Question: What is the medical research telling us about the therapeutic potential of psilocybin mushrooms?
LJ: The podcast expands on the emerging research which shows how psilocybin is being used in an experimental therapeutic context, to help people work with depression, anxiety, post-traumatic stress, end-of-life anxiety in terminal cancer patients, and addictions such as to alcohol and nicotine.
Research by a medical team at Imperial College London has shown that psilocybin isn’t like current antidepressants, where you take a tablet a day to keep the drug constantly present in your body to have the effect. Evidently, the effects of psilocybin are rooted in the subjective experience someone has while they have a “dosing session” on it, that brings about positive mood and behaviour changes that last for weeks and even months after the substance has left the body.
The research involved a three-month programme for people suffering from treatment-resistant depression - where years of talk therapy and antidepressants had been successful.
The weekly sessions involved traditional talk therapy, either to prepare them for a “dosing” session with the psilocybin, or to help them integrate what happens during the dosing session.
They only had two dosing sessions in the entire programme with the participants in a relaxed setting, lying on a couch, wearing an eye mask and listening to a pre-selected playlist of music, which is integral to the experience.
Two trained therapists sat with them through these four-hour sessions.
The first session used a mild dose of psilocybin and the second involved a more intense dosing.
The results were remarkable. Most participants saw an immediate and significant drop in the usual symptoms of depression, with some cases lasting for months after the treatment. A small number of the people reported no benefits during the dosing sessions, or afterwards. But most reported significant changes in their mood and state of mind. Six months after the study, most of them were still doing well; with about a third saying they were depression-free.

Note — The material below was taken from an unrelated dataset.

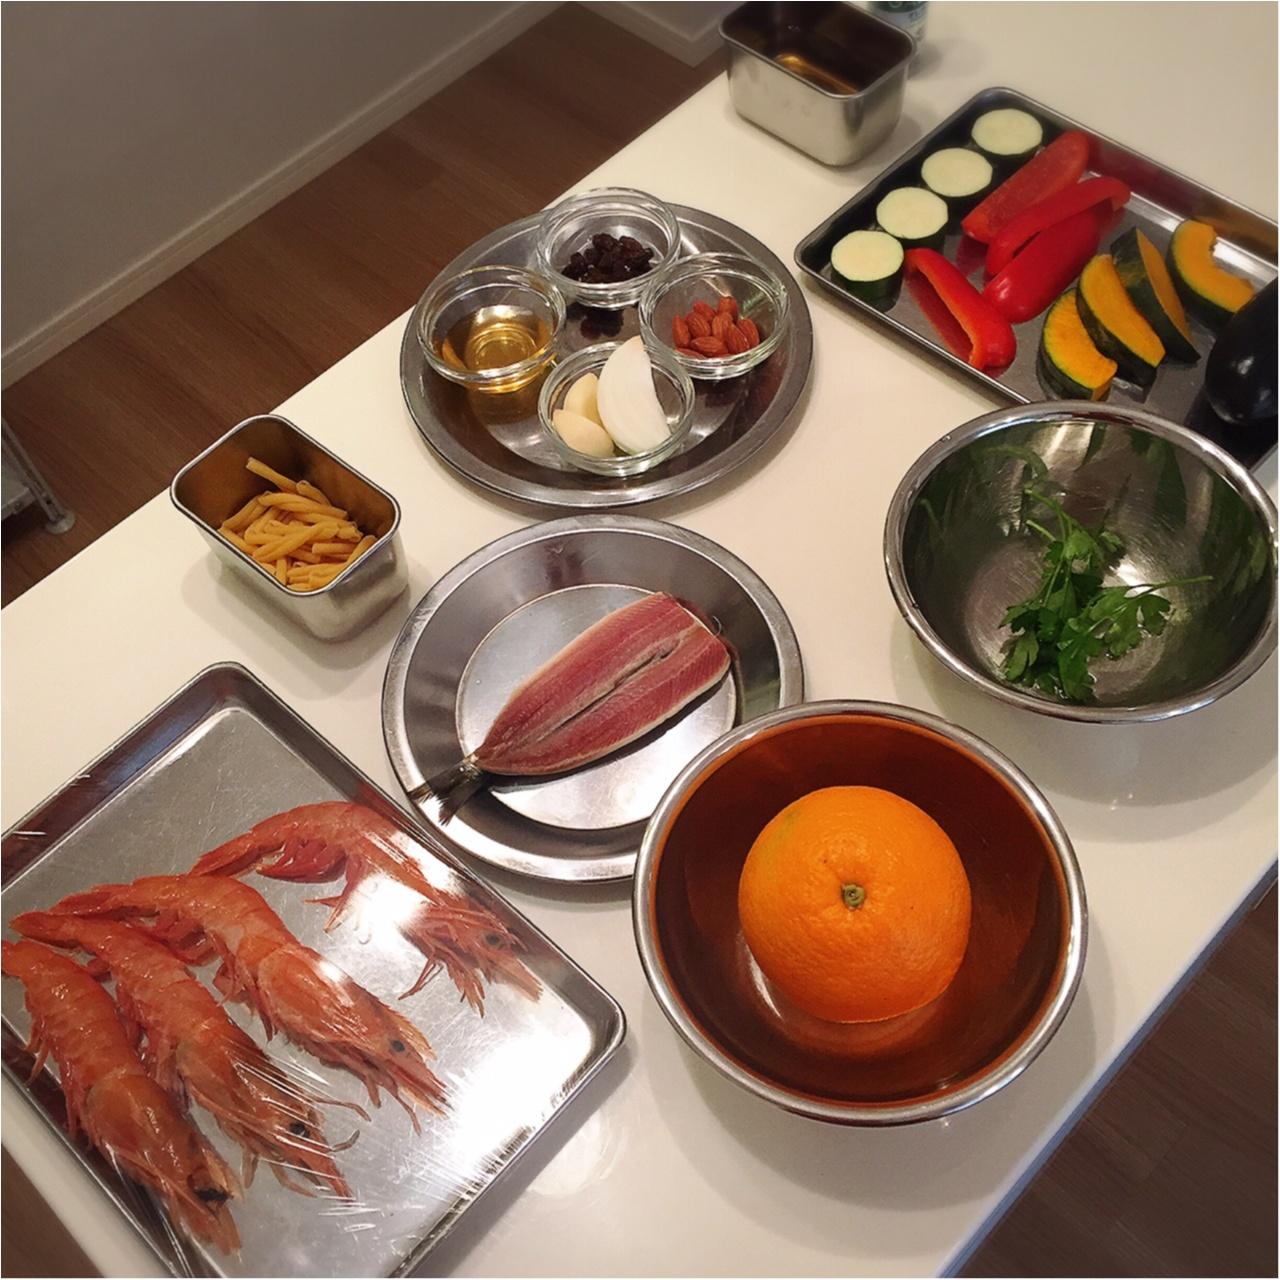 ヨメカツ☆ワンランク上のお料理でおもてなしも完璧♪レシピ付き!_4

Some of these participants reported that the depression began to return after about three months. This parallels with the anecdotes I picked up from the local community, where some people say they need to do these ceremonial journeys about every three or four months, to keep their depression at bay. Something happens during the psychedelic experience that seems to rewire the brain away from locked-in negative emotional reactions and patterns.
Question: What are the risks and dangers involved in using hallucinogenic mushrooms?
This isn’t a silver-bullet treatment, where one or two psychedelic trips suddenly “fix” your depression or alcoholism. The “trip” needs to be done in a safe, contained environment. The lab research, and the anecdotal reports from the local psychedelic community, indicate that there needs to be careful screening before people do it - for instance, people with a family history of psychosis or schizophrenia shouldn’t try this route. It also needs to have pre- and post-dosing preparation, support and integration. This can only happen properly, though, if the substance is legalised.
Question: What are your expectations of the 2018 trial?
LJ: I hope that it gets a progressive judge who wants to see the best evidence presented.
In the cannabis trial that’s happening in the Pretoria High Court this month, we have seen a small, but vocal lobby that’s opposing the decriminalisation of cannabis. They’re driving a conservative, ideological agenda.
This group’s arguments aren’t based on rational scientific investigations and they don’t represent the majority of the medical consensus on the issue, however, because they’re so vocal, they have claimed a disproportionate amount of airtime, and snarled up the courts to prevent important evidence being heard. They’re also fanning moral panic.
It would be a shame if a similar agenda prevented the courts from hearing the evidence about the potential therapeutic benefits of psilocybin for treating mood disorders and addictions.